**Aim of the exercise**. Please produce an exact copy of only the lines from the one with "Saute mushrooms and" through the last one of the material, without pictures.

**Dataset content**.
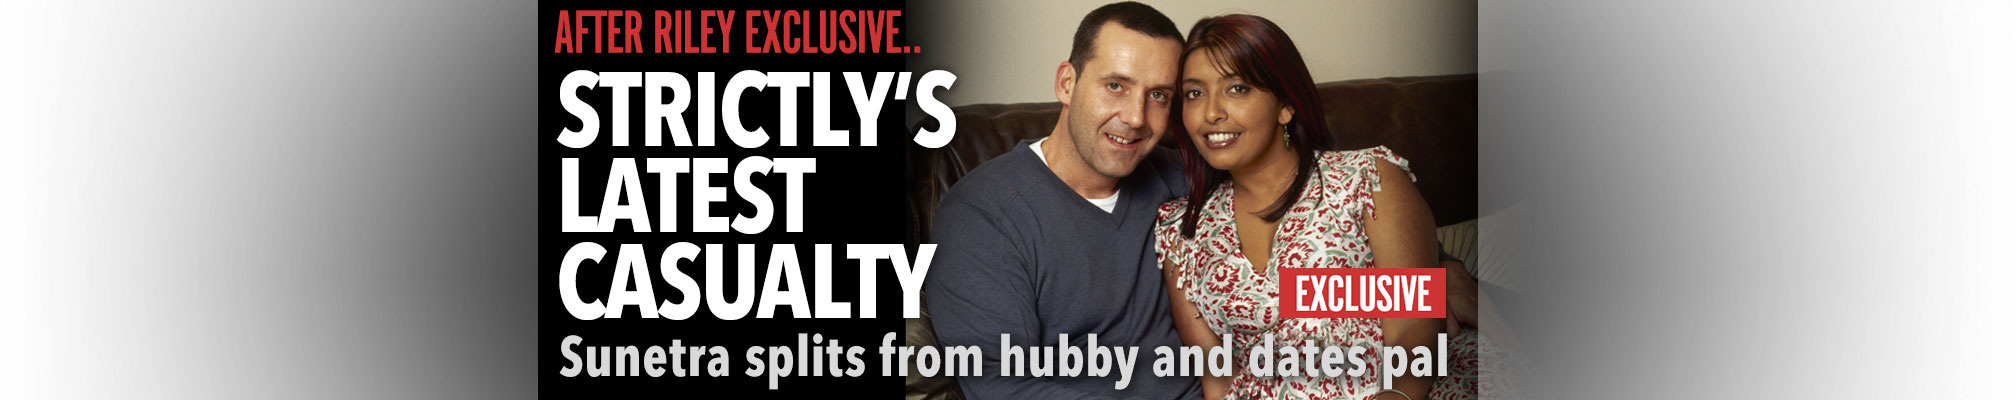 Strictly’s Sunetra splits from hubby
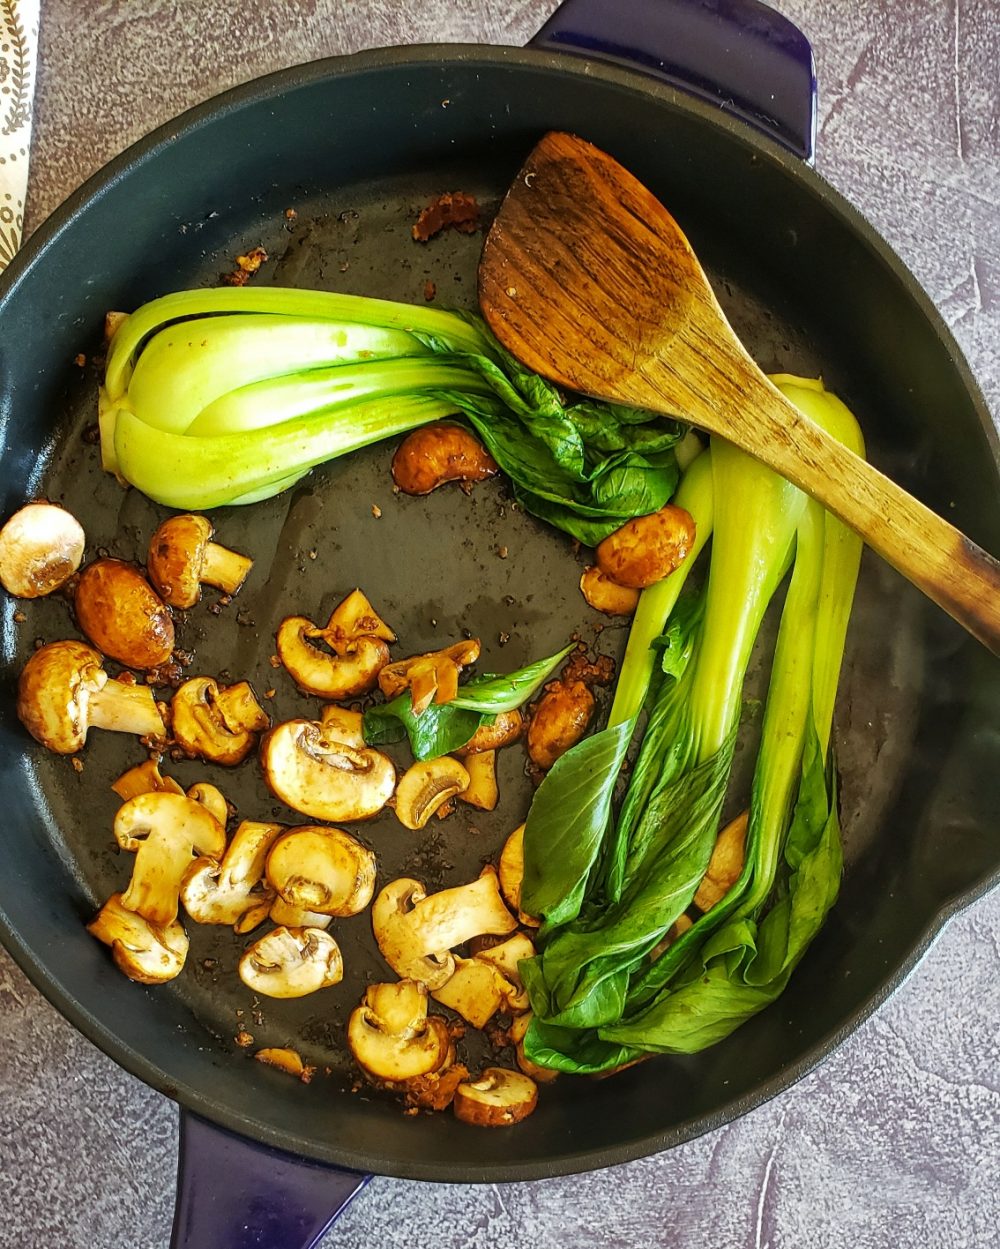 Saute mushrooms and bok choy as the final step
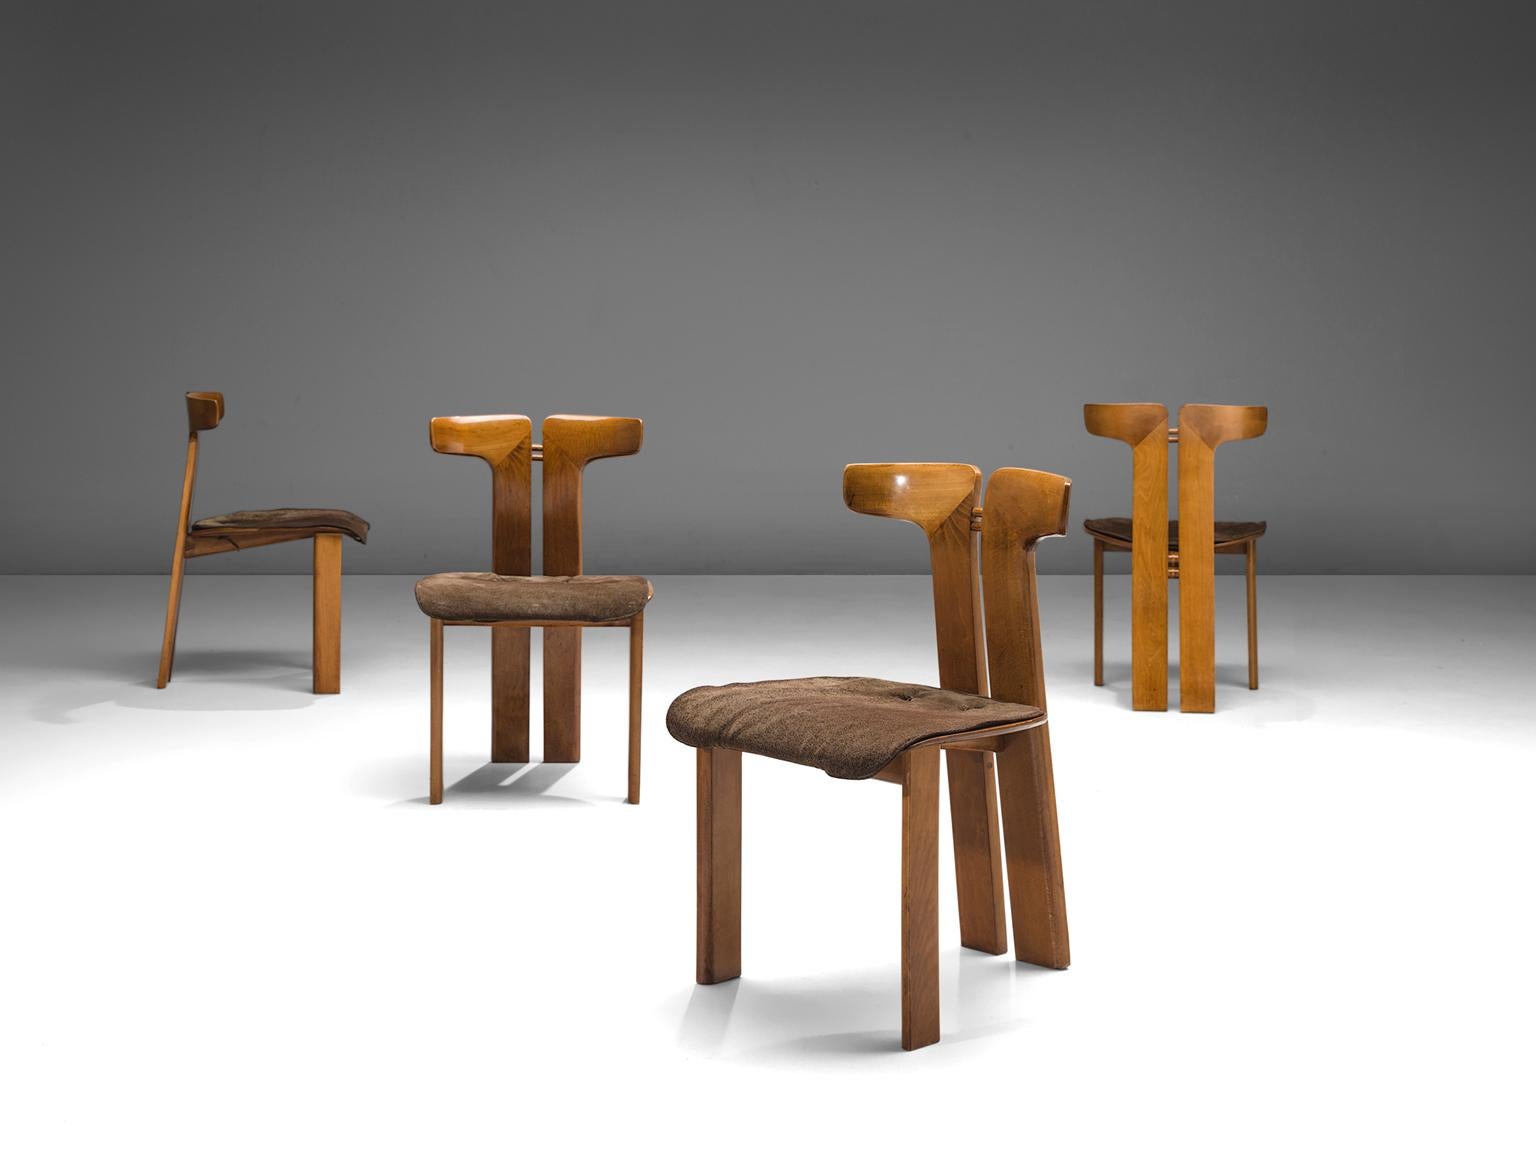 Pierre Cardin, set of four chairs, walnut and suede, Italy, 1980.

This set of sculptural chairs is designed by Pierre Cardin. The curve of the back highlights the qualities of the form of the wood in an unparalleled manner. These organic lines

**Answer to the problem**.
 Saute mushrooms and bok choy as the final step
 Pierre Cardin, set of four chairs, walnut and suede, Italy, 1980.

This set of sculptural chairs is designed by Pierre Cardin. The curve of the back highlights the qualities of the form of the wood in an unparalleled manner. These organic lines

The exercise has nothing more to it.